Senators have included provisions that could affect life insurers in a bill better known for sections dealing with federal retirement benefit guarantee insurance.[@@]
You may not be able to read S. 219 on the Web right now, because, at press time, the Library of Congress bill posting system had not yet received the text from the Government Printing Office, but the core is a section that is supposed to improve the financial stability of the Pension Benefit Guaranty Corp.
The PBGC, the organization that backs defined benefit pension plans, has seen its deficit increase to $23 billion, from $11 billion, in just 1 year.
Other sections of the bill could:
- Codify ground rules for the sale of corporate-owned life insurance.
- Create a retirement plan investment advice provision that might prevent life insurance agents and company representatives from giving advice at the worksite.
- Loosen retirement plan portability rules.
- Let certain 401(k) plan members contribute “catch-up” payments to individual retirement accounts, if the plan members were employed by a “a currently bankrupt employer, and the employer is currently under indictment or subject to conviction.”

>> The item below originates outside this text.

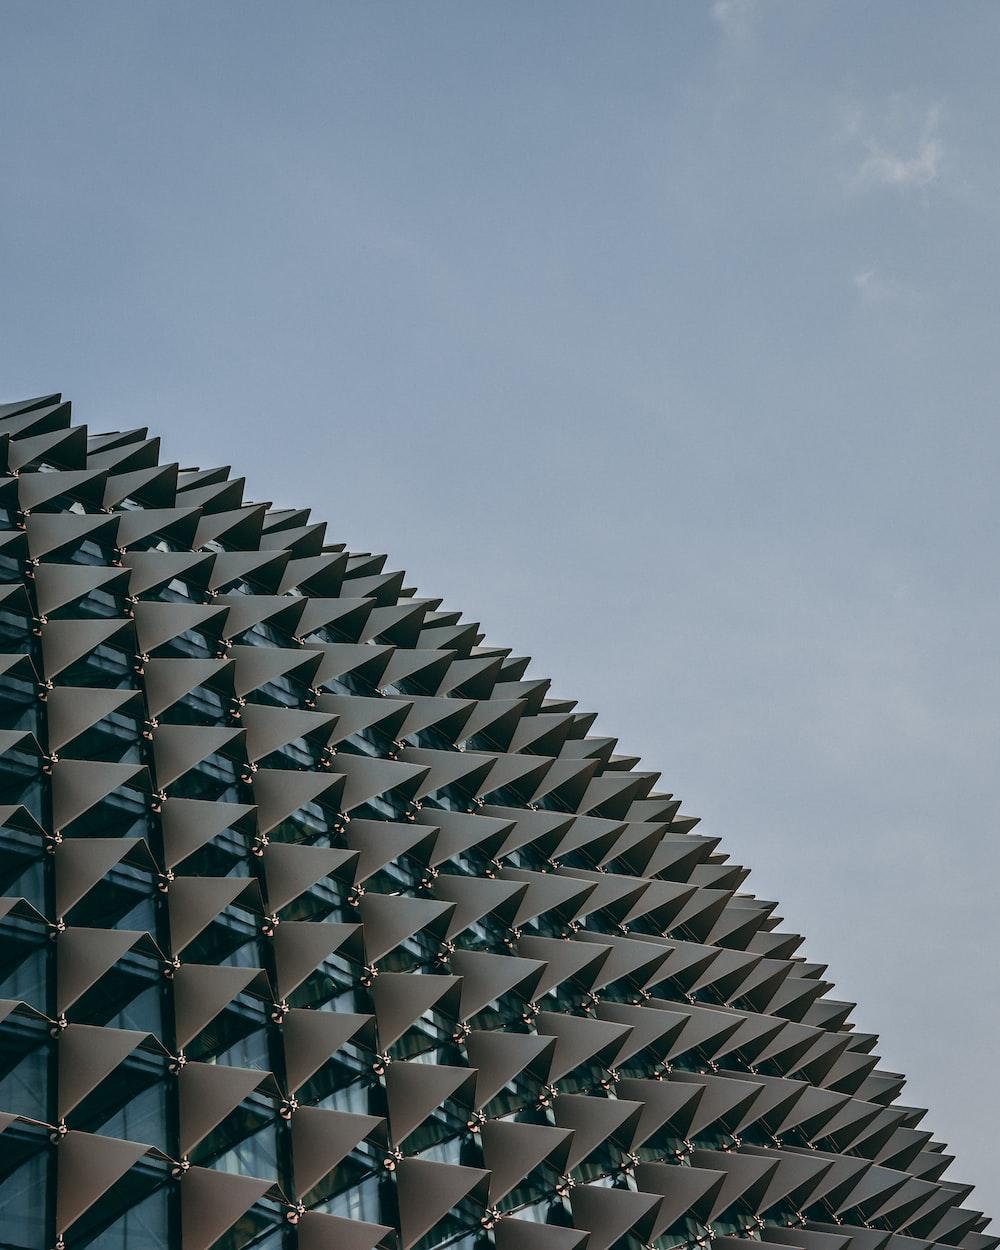 gray spiky building

- Let plan sponsors avoid liability for the investment advice that a qualified investment advisor gives to retirement plan participants.
- Allow employers to deduct up to $1,000 in retirement planning advice fees per year from employees’ taxable income.
The new bill, which would create the National Employee Savings and Trust Equity Guarantee Act, is similar to the NESTEG bill that died in the previous Congress. The new NESTEG bill was introduced by Sen. Charles Grassley, R-Iowa, chairman of the Senate Finance Committee, and Sen. Max Baucus, D-Mont., the committee’s ranking minority member.
The COLI provision uses the same language that the Senate Finance Committee approved in February 2004.